From the Record:
Years of economic malaise showed broad signs of lifting in 2015 across the United States as higher incomes and other beacons of rising prosperity helped reverse nearly a decade of woe following one of the worst recessions in history.
In a sign of the state’s continuing economic struggles, data released today by the Census Bureau showed that New Jersey lagged behind the rest of the country on a series of economic measures last year, including a 0.3 percent increase in median household income that ranked last among the 50 states.
The picture was much brighter in Bergen County, where the median rose 5.1 percent, to $89,023. But it fell 4.8 percent in Passaic County.

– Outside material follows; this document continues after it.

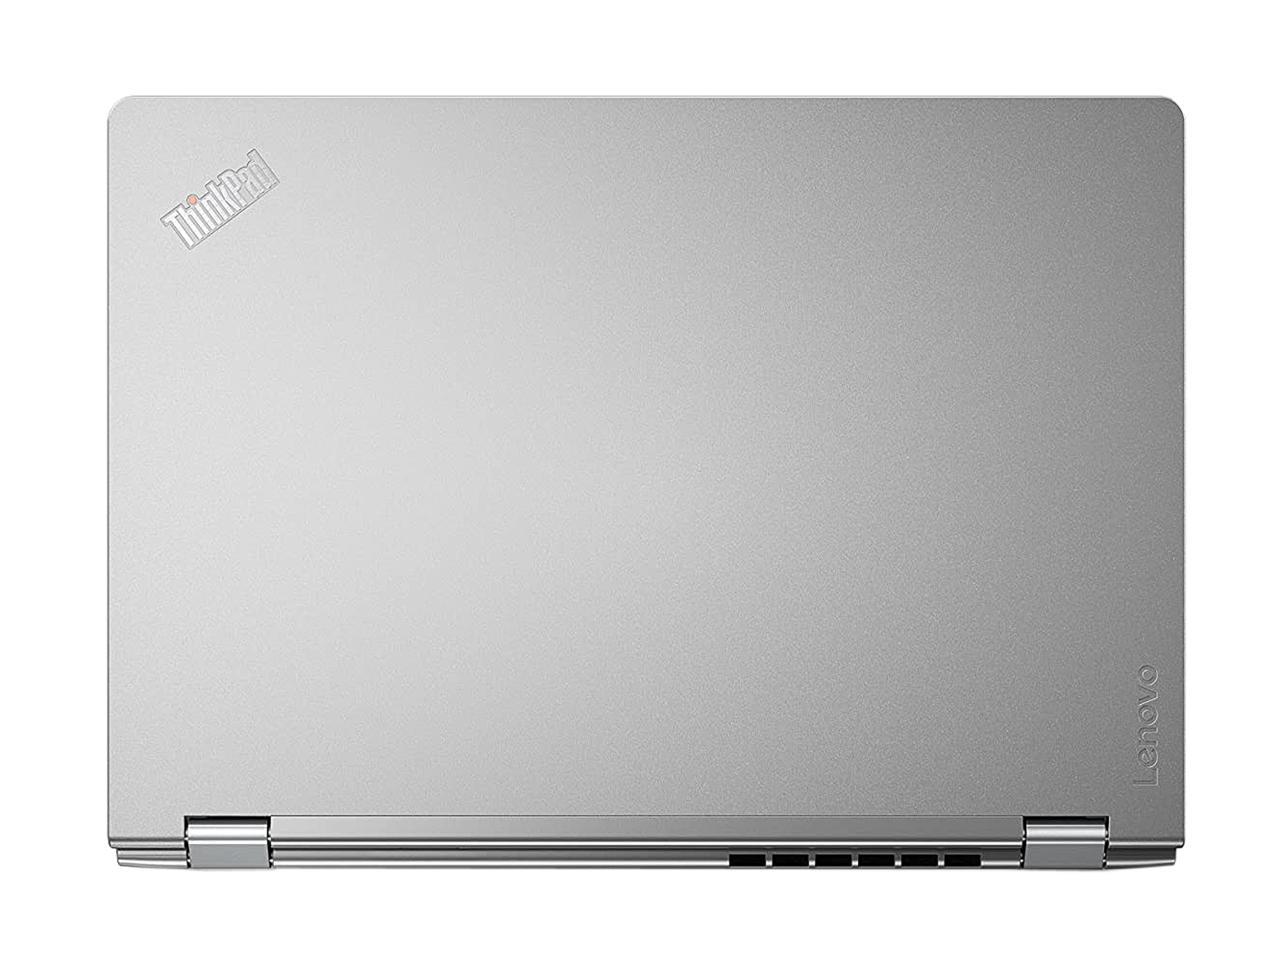 Lenovo Yoga 460 Intel Core i5 6th Gen 6200U (2.30 GHz) 8 GB Memory 256 GB SSD Intel HD Graphics 520 14" Touchscreen 2560 x 1440 Convertible Grade B 2-in-1 Laptop Windows 10 Pro 64-bit

The state data, reflecting a period when New Jersey showed relatively strong job gains concentrated in lower-paying industries, also revealed some of the weakest improvements in the country in wages, poverty and per capita income.
Indeed, the report suggests that New Jersey may be turning the corner in its recovery, as even small improvements are better than the stagnant conditions of prior years. The state, with its broad economic base and relatively well-educated population, also remains among the wealthiest states, with a current median household income of $72,222, according to the report, known as the American Community Survey. Other economic reports, meanwhile, have shown rising employment and wage gains closer to national averages.
“If the numbers are for real, it suggests that the economy really is in a catch-up position,” said James Hughes, dean of the Edward J. Bloustein School of Planning and Public Policy at Rutgers University. “One year does not a trend make. But when your rankings are so low, you have to wonder, are we are in deep trouble?”